Relating scratch resistance to injection molding-induced morphology of polypropylene

• Published in: Journal of applied polymer science Vol. 120; no. 1; pp. 141 - 147
• Main Authors: Kobayashi, Yutaka, Otsuki, Yasuhiko, Kanno, Hiroaki, Hanamoto, Yasuhiro, Kanai, Toshitaka
• Format: Journal Article
• Language: English
• Published: Hoboken Wiley Subscription Services, Inc., A Wiley Company 05.04.2011; Wiley; Wiley Subscription Services, Inc
• Subjects: Applied sciences; Crystallinity; Crystals; Exact sciences and technology; Frozen; Injection molding; Injection moulding; Machinery and processing; Materials science; microdeformation; Molds; Morphology; Moulding; Plastics; poly(propylene); Polymer industry, paints, wood; Polymers; Polypropylenes; Scratch resistance; Technology of polymers; Microdeformation; morphology; Propylene polymer; Temperature effect; Mechanical properties; poly(propylene); Crystallinity; Experimental study; Structure processing relationship; Score strength; Injection molding; Organic phosphate; Olefin polymer; Property structure relationship; Crystal morphology; Nucleating agent; Polymorphism
• ISSN: 0021-8995; 1097-4628; 1097-4628
• DOI: 10.1002/app.33142

The relationship between the scratch resistance and the injection molding-induced morphology of polypropylene (PP) was investigated. The crystal structure near the surface was controlled by the mold temperature and the doping of a nucleating agent (NA).
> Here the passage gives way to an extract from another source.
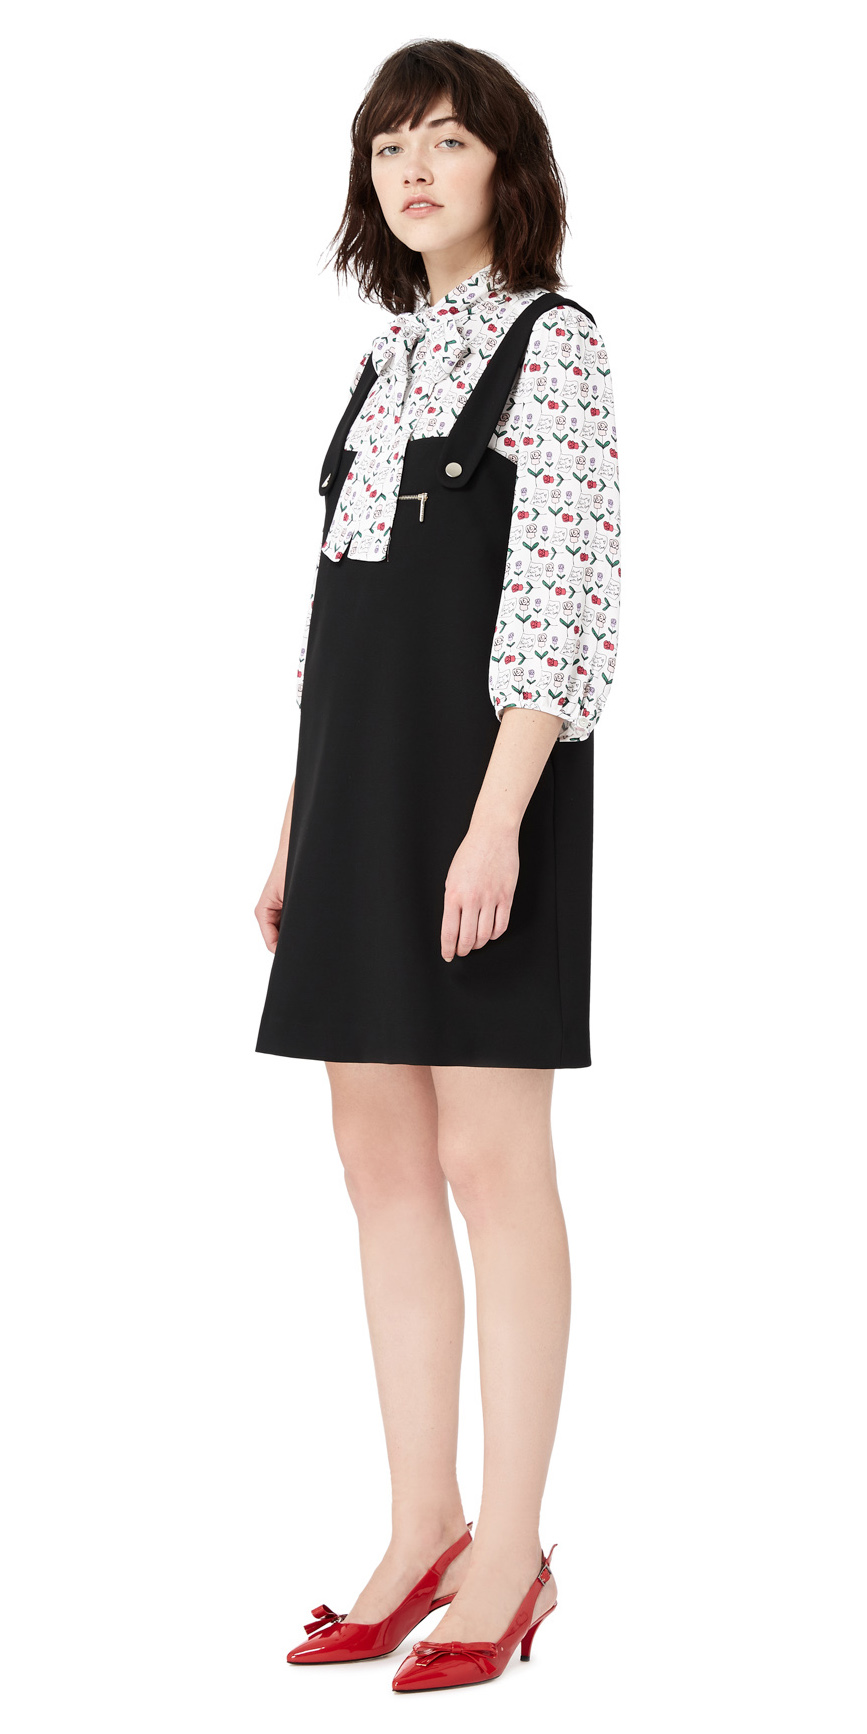 black-dress-jumper-red-shoe-pumps-slingbacks-print-white-top-blouse-brun-layer-fall-winter-lunch.jpg
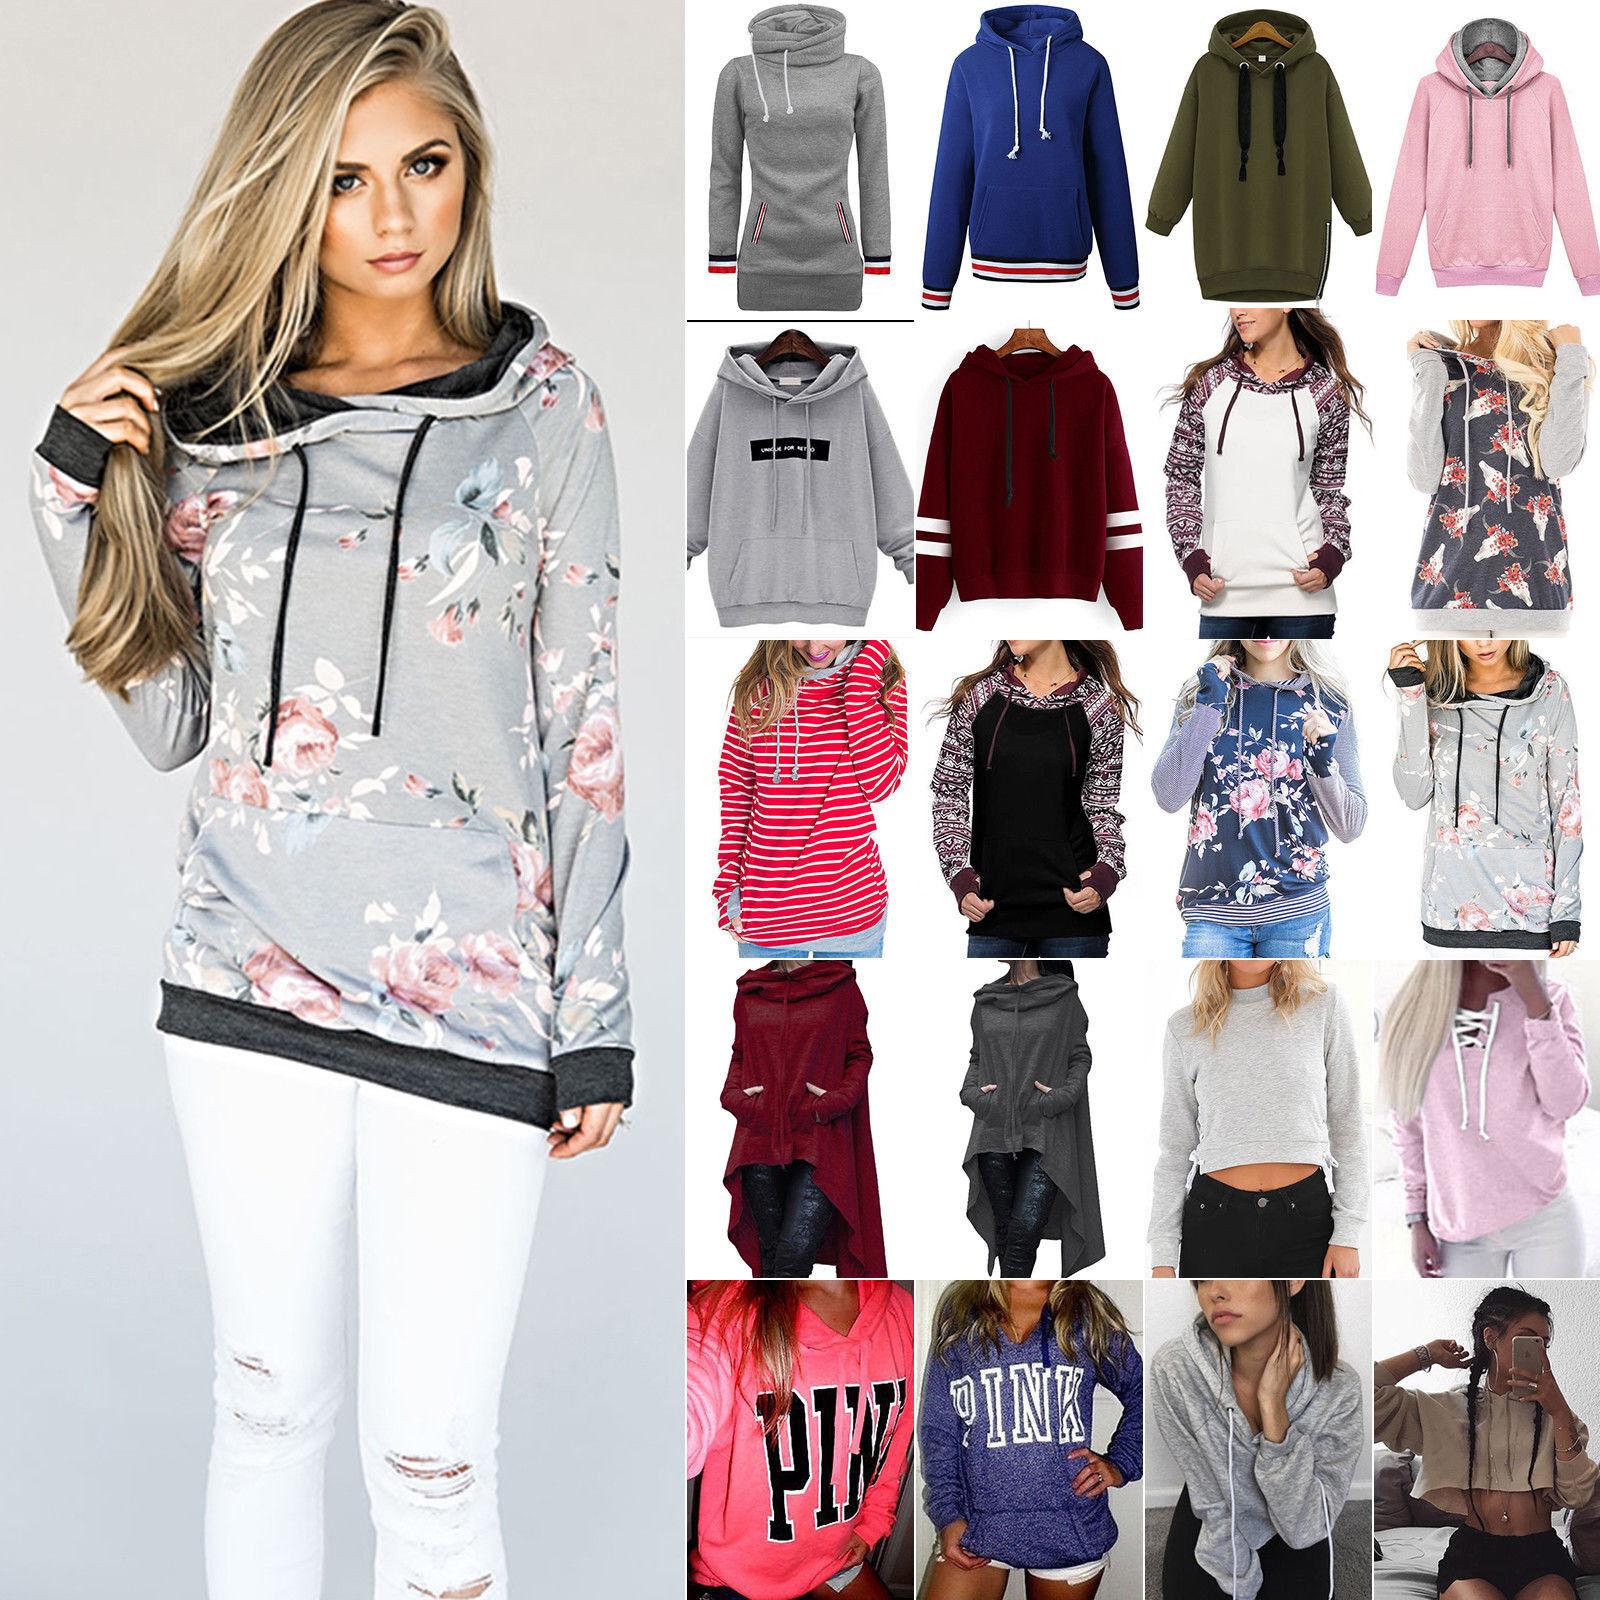 Damen Kapuzen Pullover Mantel Pullover Langarmjacke Hoodies Sweatshirt Oberteil

Although α- and β-NA were used to improve the scratch resistance of PP that was molded at a mold temperature of 40°C, both of the NAs only slightly affected the scratch resistance due to low crystallinity at the surface. When the mold temperature was increased, the skin layer became thin and a β-form crystal formed. Plastic deformation under the scratch was limited in the frozen layer. Consequently, the thickness of the frozen layer (which had low crystallinity) had the predominant effect on the scratch resistance in comparison to the polymorphism differences. The crystal morphology was analyzed with synchrotron micro-beam wide angle X-ray diffraction and Fourier transform infrared spectroscopy.